[SUPPLIED DATA — start]

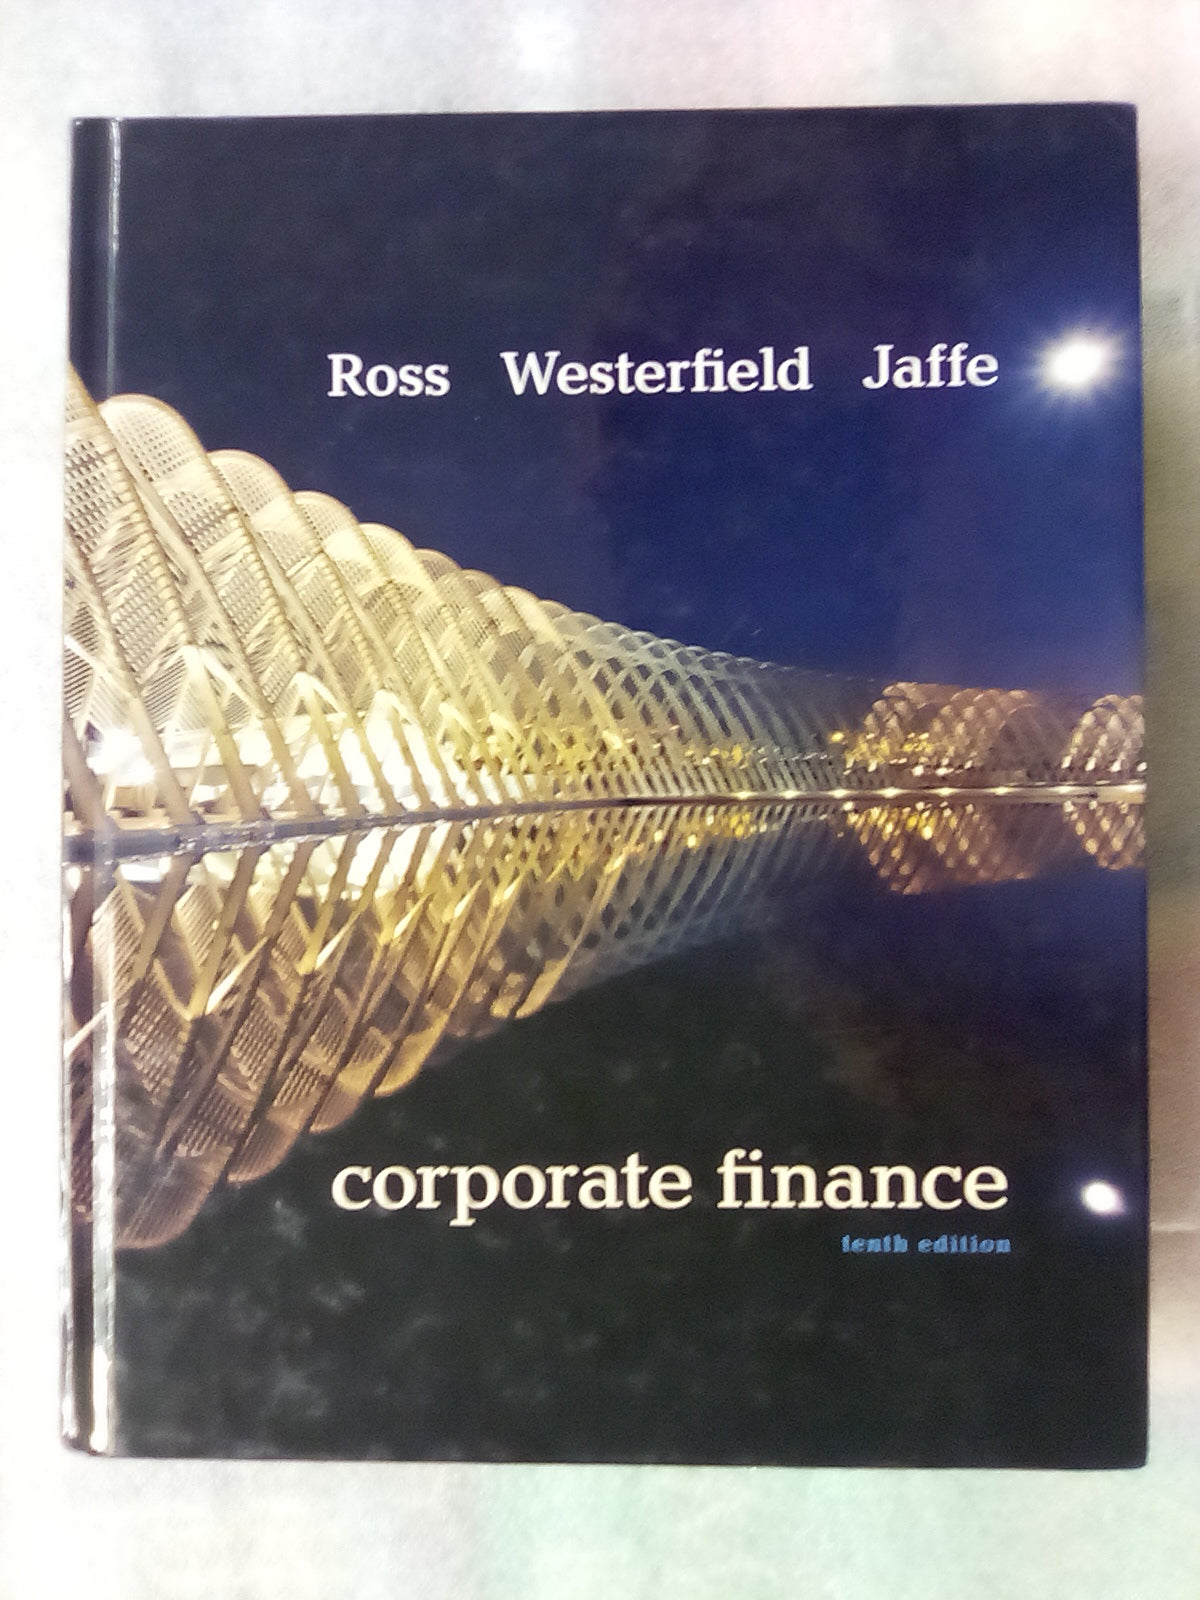 Corporate Finance 10th. Edition by Ross, Westerfield, and Jaffe
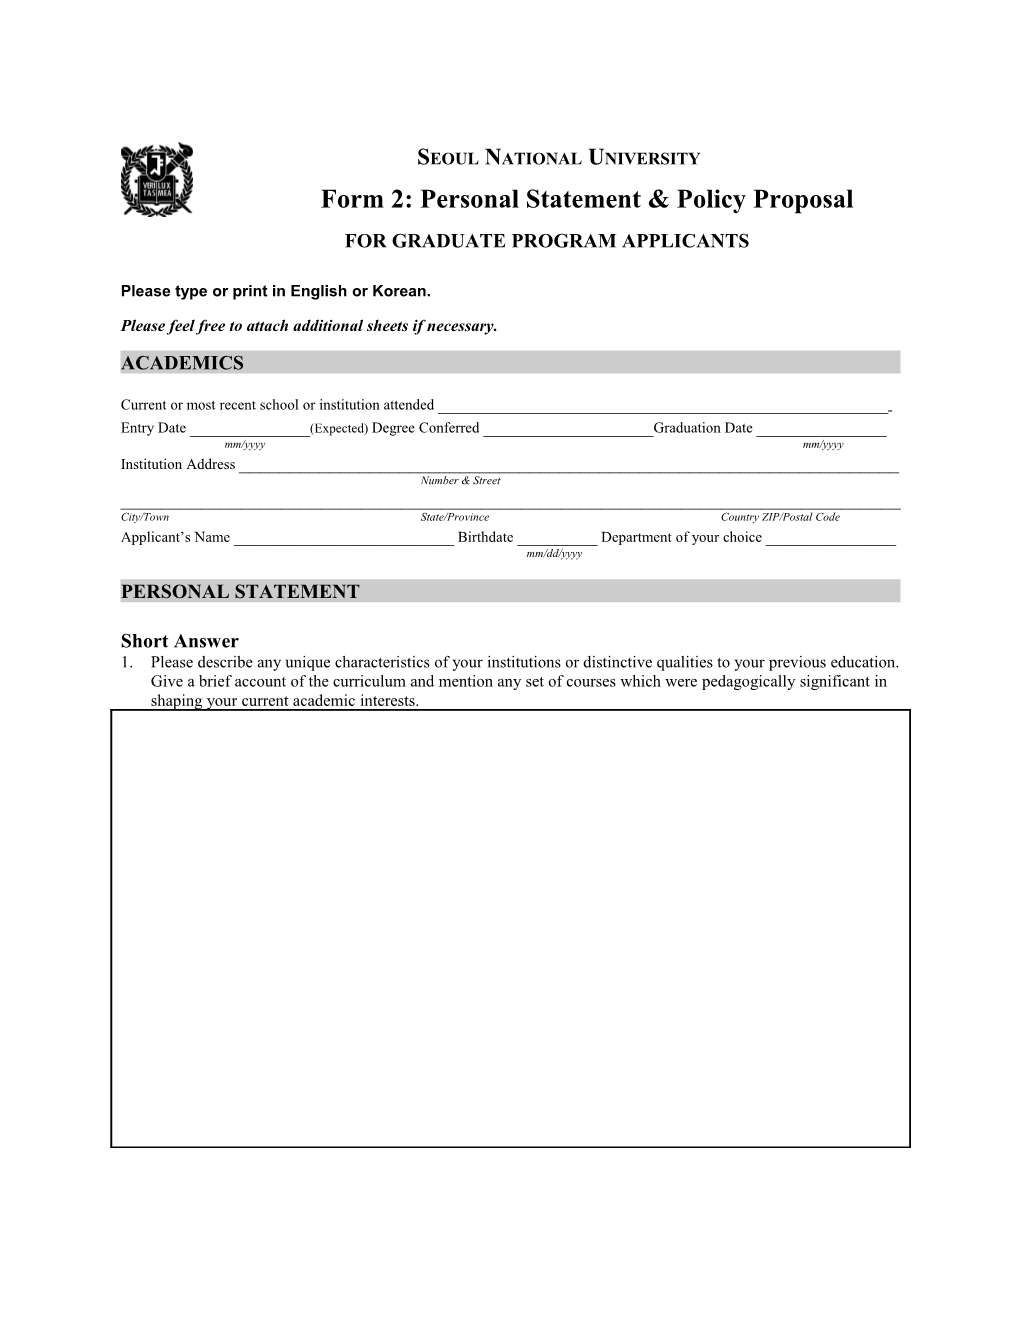 Form 2:Personal Statement & Policy Proposal
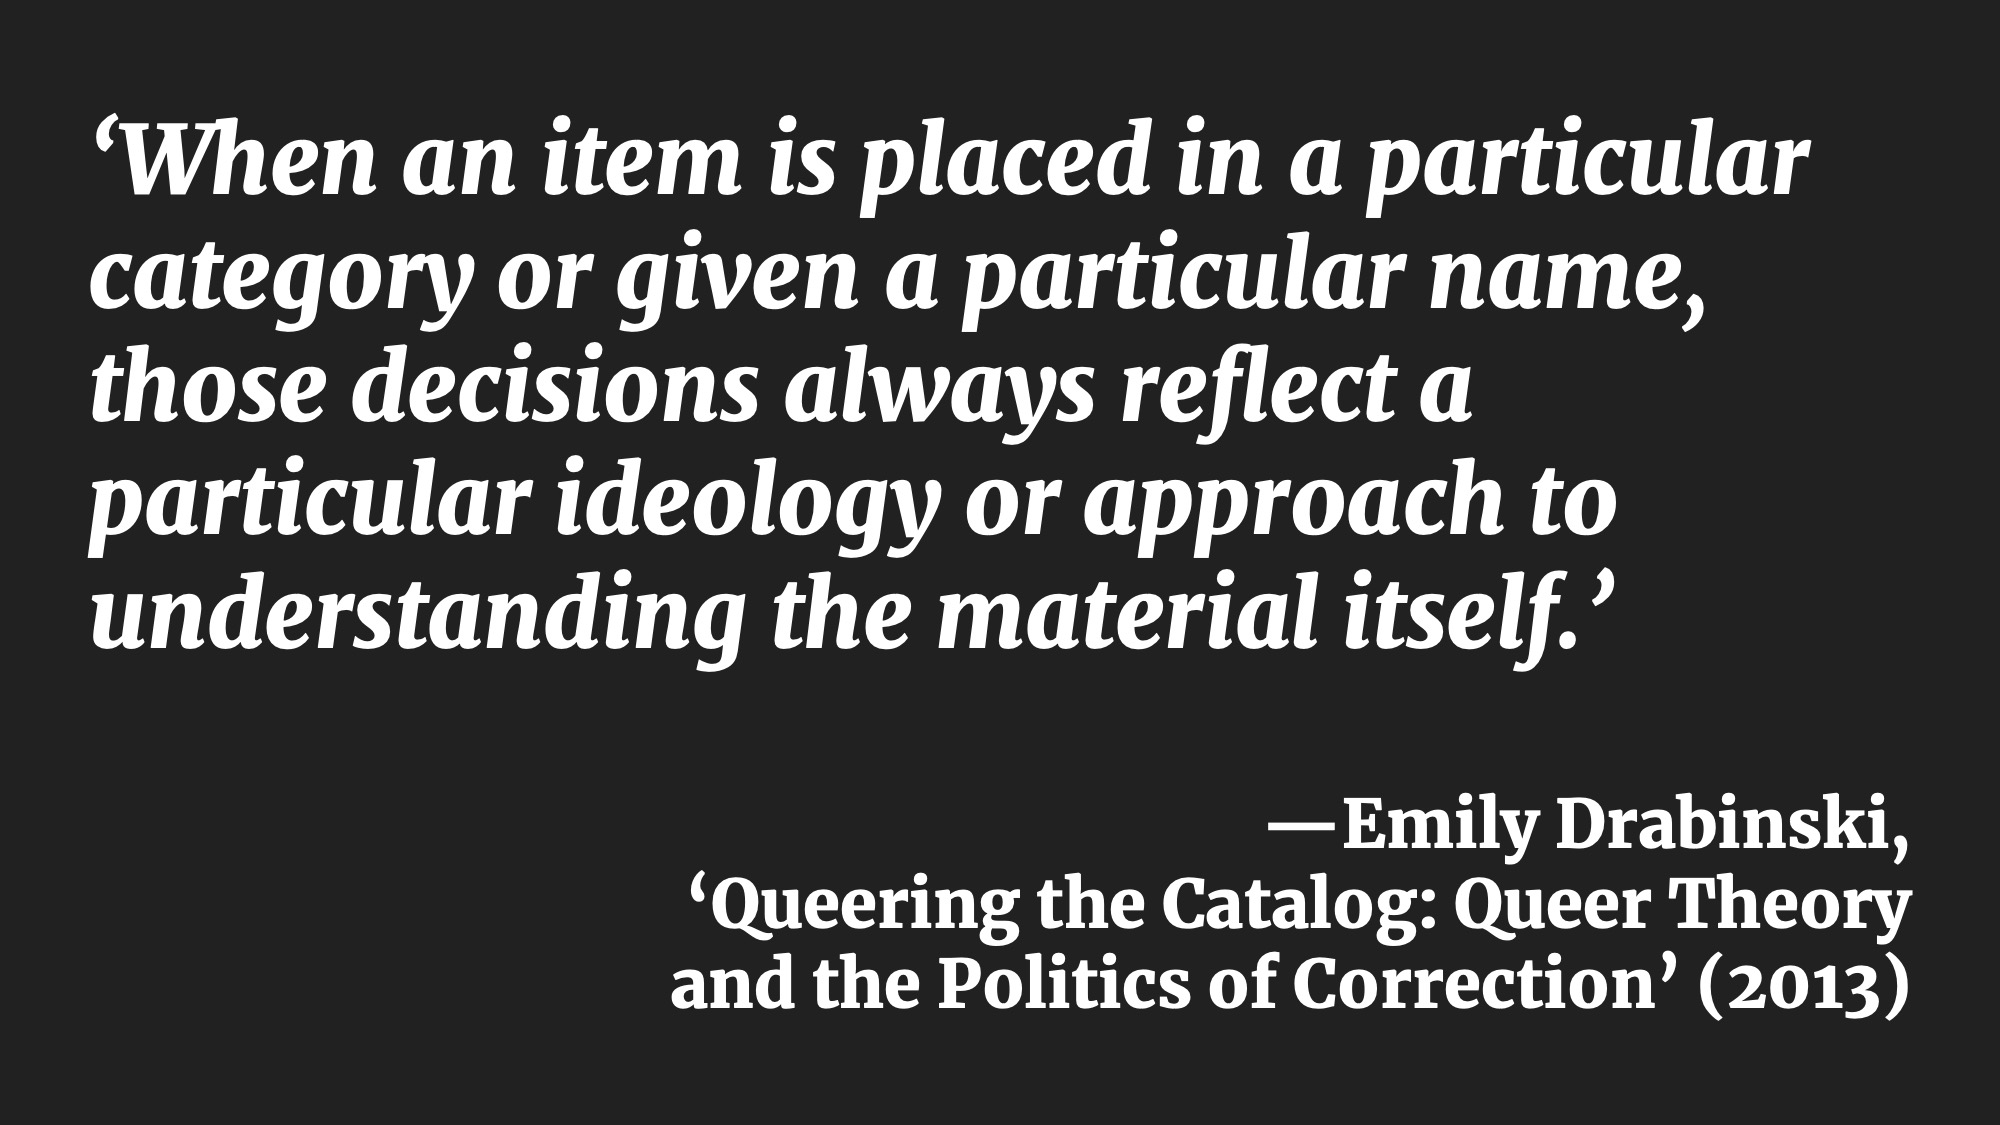 ‘When an item is placed in a particular category or given a particular name, those decisions always reflect a particular ideology or approach to understanding the material itself.’ —Emily Drabinski, ‘Queering the Catalog: Queer Theory and the Politics of Correction’ (2013)
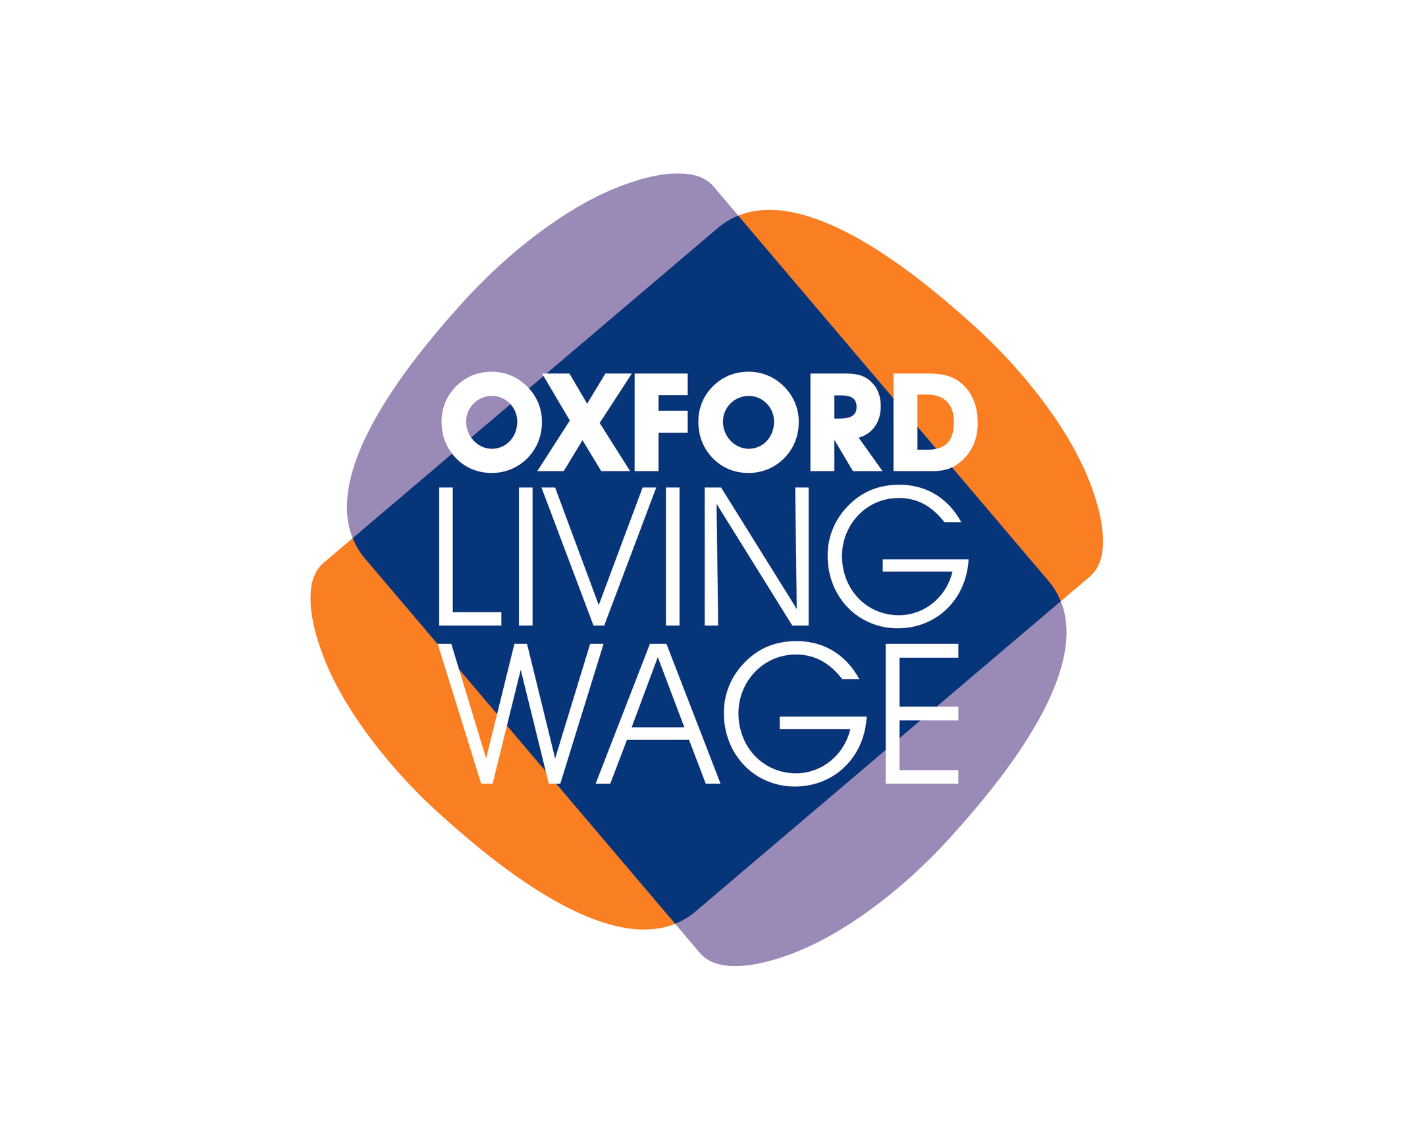 We're proud to be an Oxford Living Wage Employer
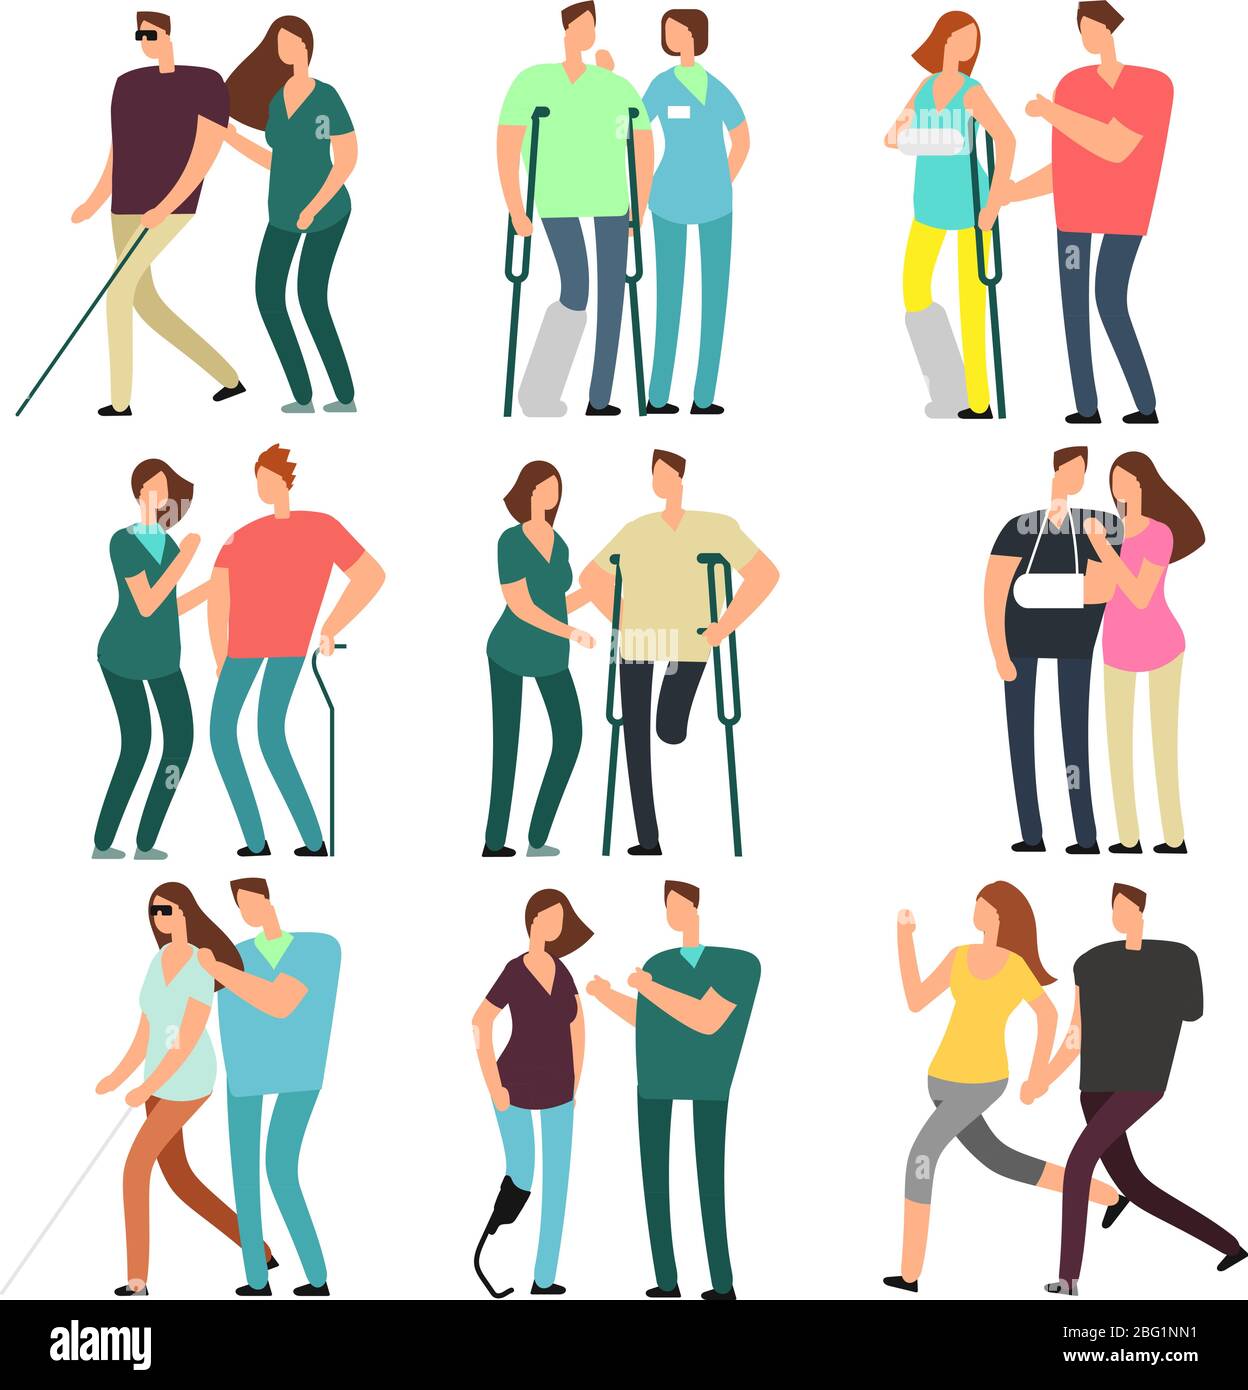 Disabled people with caring friends. Handicapped persons and medical assistants. Character disability patient walking, assistance and care friend. Vec Stock Vector

[SUPPLIED DATA — finish]

WORK TO BE COMPLETED -> The images in the entries above should be left out; please reproduce exactly the lines from the first through the one containing "We're proud to".

TASK ANSWER ->
 Corporate Finance 10th. Edition by Ross, Westerfield, and Jaffe
 Form 2:Personal Statement & Policy Proposal
 ‘When an item is placed in a particular category or given a particular name, those decisions always reflect a particular ideology or approach to understanding the material itself.’ —Emily Drabinski, ‘Queering the Catalog: Queer Theory and the Politics of Correction’ (2013)
 We're proud to be an Oxford Living Wage Employer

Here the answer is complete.